North Carolina Utility Head on Drinking Water: OK as far as he Knows

RALEIGH, N.C. (AP) — The head of the agency providing drinking water to more than 200,000 people in and around Wilmington said Tuesday that unregulated and little-studied chemicals in the Cape Fear River aren’t a hazard — as far as he knows.

Cape Fear Public Utility Authority Executive Director Jim Flechtner told North Carolina legislators that the agency’s water meets all state and federal standards for drinking water. The problem is that too little is known about emerging pollutants to know whether they’re unhealthy or OK, he said.

“There is a question mark of what else is in the river,” Flechtner said.

A state Senate committee is investigating chemicals in the state’s rivers, especially the chemical GenX, which is used in making Teflon and was released from a Chemours Co. plant near Fayetteville. Senators said a Chemours official was invited to speak Tuesday, but didn’t appear. A company spokesman didn’t respond to an email seeking comment.

The company has said it met all the conditions of a permit that allows it to discharge wastewater — but not GenX — into the Cape Fear River about 100 miles (161 kilometers) north of Wilmington. GenX was the unexpected byproduct of a separate process, the company said.

There are no federal health standards for GenX. The U.S. Environmental Protection Agency classifies it as an “emerging contaminant” needing research. The chemical is related to other fluorinated chemicals including PFOA, which has been blamed for causing health problems. In February, Chemours and DuPont — which spun off Chemours two years ago — agreed to pay nearly $671 million to settle thousands of lawsuits related to the release of PFOA from a Parkersburg, West Virginia, plant more than a decade ago.

Only a fraction of the tens of thousands of chemicals used by U.S. industries have been studied enough to establish the health risks they pose for humans, Duke University professor Lee Ferguson told a similar House hearing last week.
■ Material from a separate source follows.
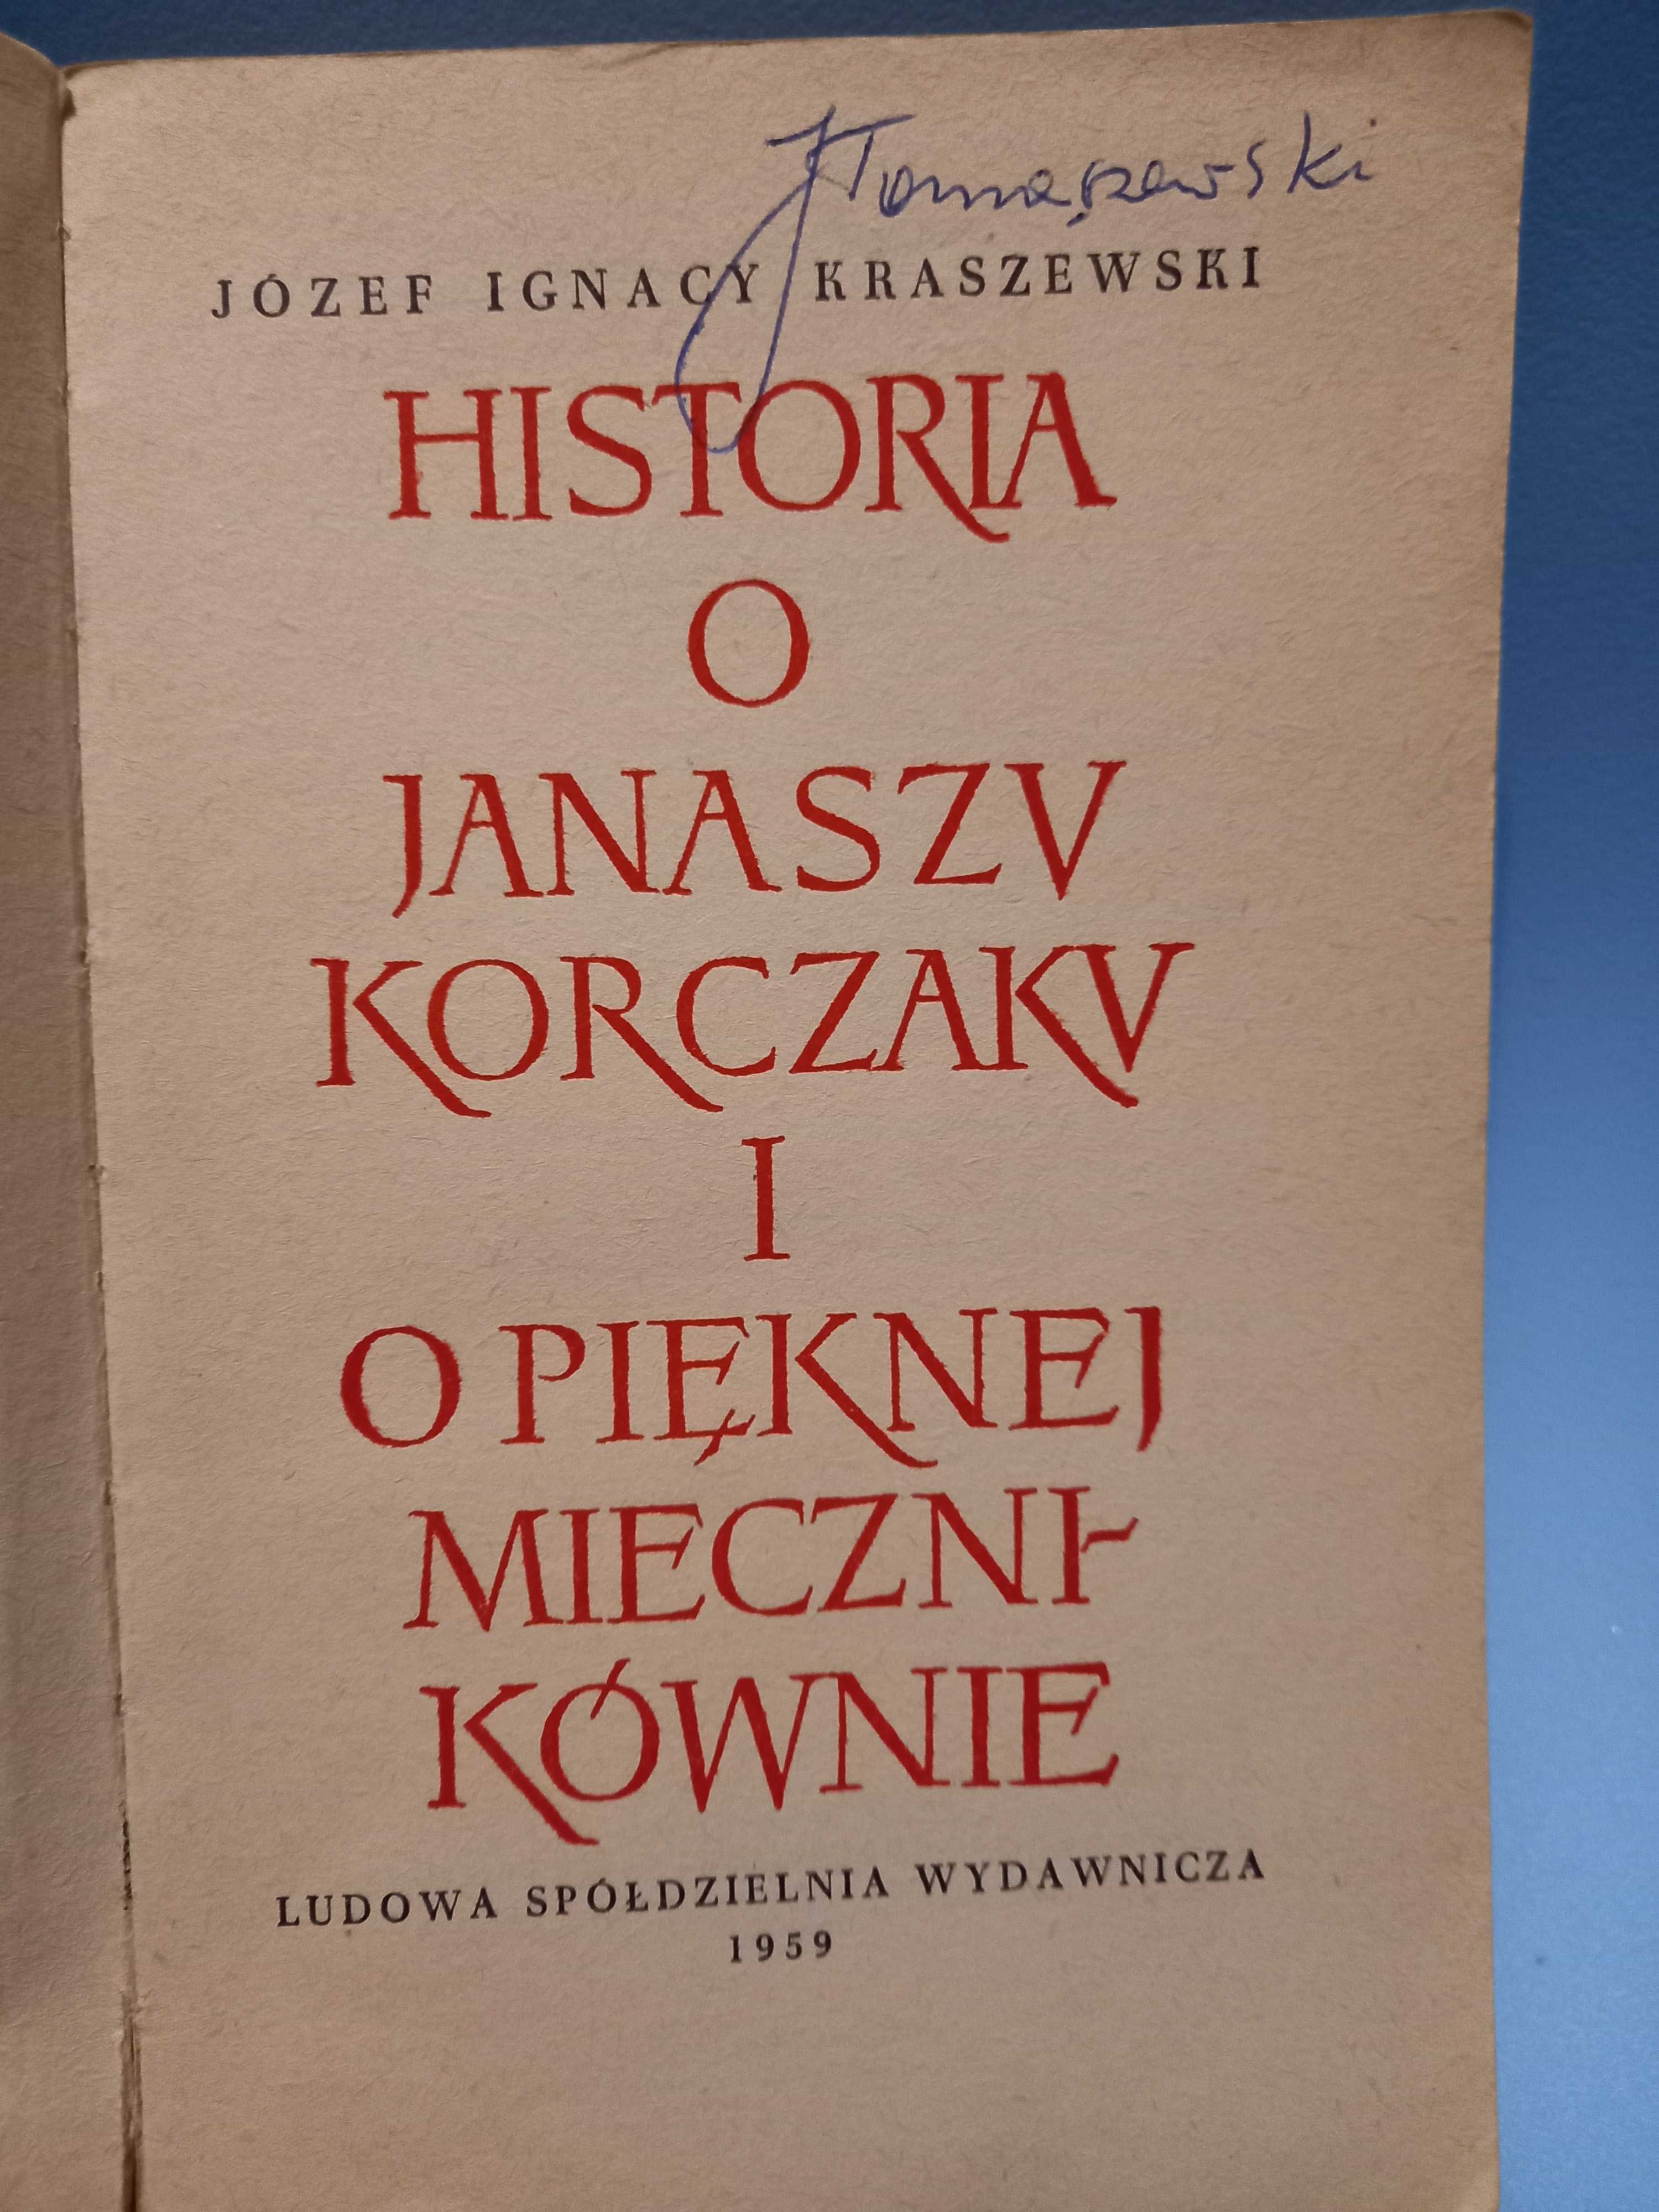 Józef Ignacy Kraszewski  3 powieści

Ensuring public drinking water supplies are safe is complicated by the lack of requirements to notify water treatment plants when a new factory or other operation begins releasing chemicals upstream, Flechtner said. Flechtner was asked what he would recommend to protect water supplies in an environment where industries employ far more chemicals than have been proven safe.

“I would be sure that before it was in the river, we would be comfortable that there would be no adverse health effects,” he said.